Doctors Look To Raise Tay-Sachs Awareness Among Louisiana’s Cajuns
Tay-Sachs disease has been significantly curbed in the Ashkenazic Jewish community, thanks to increased awareness and a comprehensive screening process — which is especially popular in Hasidic communities.
The same cannot be said for the Cajun community in Louisiana, which also suffers from a high disposition to Tay-Sachs; the community is not fully aware of the dangers of the disease and lacks knowledge of the preventative measures that the Ashkenazic Jewish community takes for granted.
Tay-Sachs disease is caused by the congenital absence of a vital enzyme, hexosaminidase-A. Without this enzyme, the body cannot break down one of its fatty substances, which builds up abnormally in the brain and impairs the central nervous system. The gene that causes the infantile form of the disease is present in about one in 27 Ashkenazic Jews in the United States. About one in 250 Sephardic Jews and people of non-Jewish descent are also carriers.
The disease that afflicts the Louisiana Cajuns is the same as the one that affects Ashkenazic Jews.
“The lack of awareness of risk for Tay-Sachs among the Cajuns is a big problem,” said Paula Gregory, an associate professor of genetics at Louisiana State University’s School of Medicine at New Orleans. “A bigger problem is the similar lack of awareness among Louisiana physicians,” she said, noting that “we are actively working to educate our medical students (who traditionally return to their Louisiana roots and practice primary-care specialties) to ensure that they understand the incidence of Tay-Sachs among the Cajuns.”
High occurrences of any genetic disease stem from “a relatively small genetic pool growing into a fairly large number of people,” said Bronya Keats, who is head of the Department of Genetics at Louisiana State University’s Health Sciences Center in New Orleans.
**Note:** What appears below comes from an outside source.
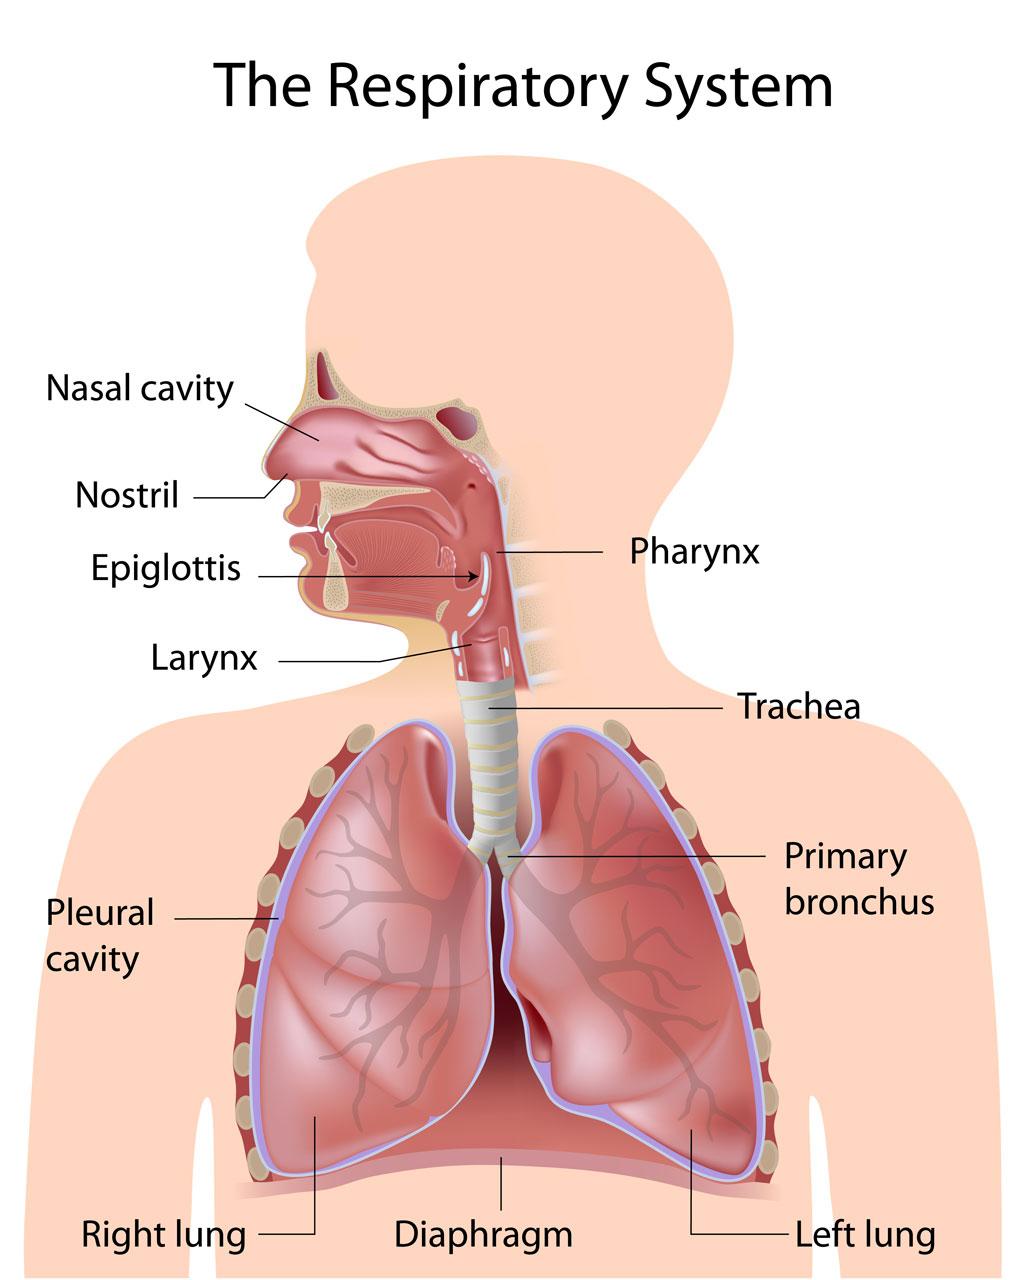 Child respiratory system - Pediatric Pulmonologists

There is a history that explains how the Louisiana Cajuns became predisposed to the disease.
In 1632, about 300 French settlers, mostly from the La Chaussee area in west-central France, arrived in French Nova Scotia, which at that time was called Acadia. Keats said that by 1755, the population grew to about 18,000 from 300. That same year, the Acadians were expelled from their land by the British, who had possession of Acadia since 1710. In a 2007 article in the New Orleans newspaper Gambit Weekly, David Winkler-Schmit wrote that “this forced deportation became known as the Le Grand Derangement (The Great Disturbance), and for many years the Acadians wandered between Europe and North America, seeking a permanent home.”
Winkler-Schmit added that from 1765 to 1785, more than 3,000 of the Acadians migrated to southern Louisiana. “This reduced population — settling mostly in the 22 parishes that became Louisiana’s ‘Cajun Triangle,’ … kept to themselves and maintained their unique culture, with very few marriages outside of their community,” he wrote. This minuscule population with a very small gene pool is what has led to a high predisposition to both Usher syndrome and Tay-Sachs.
The late Theodore F. Thurmon, who was a geneticist at the LSU Health Sciences Center, Shreveport, put forth a more controversial theory. Thurmon postulated that Tay-Sachs in the Cajun community was a result of European Jews who assimilated into the French Acadian community. According to Thurmon, this, coupled with the arrival of French Jewish merchants in Acadia around the time of the French Revolution, contributed to the high occurrence rate of both Usher syndrome and Tay-Sachs in the Acadian population, which later evolved into the Cajun community.
Outreach to the Cajun community has been a challenge, and the hurricanes in Louisiana have added to the confusion. “Hurricane Rita was a bigger problem [than Katrina] for the Acadians,” Gregory said. “Rita hit not long after Katrina and devastated the southwest portion of the state. When it hit, the Cajuns evacuated and were dispersed to other areas. Many of the Acadians have returned, but this natural disaster has impacted the geographic distribution of these tight-knit communities.”
Whether the occurrences of Tay-Sachs in the Cajun community stem from a Jewish connection may never be known. What is known is how to prescreen for the disease, and this is the focus at LSU and at other centers of genetics study in America. With the efforts of these experts, it may be possible to lower the incidence of Tay-Sachs among the Cajuns to the levels of the Askhenazic Jews, and perhaps even lower.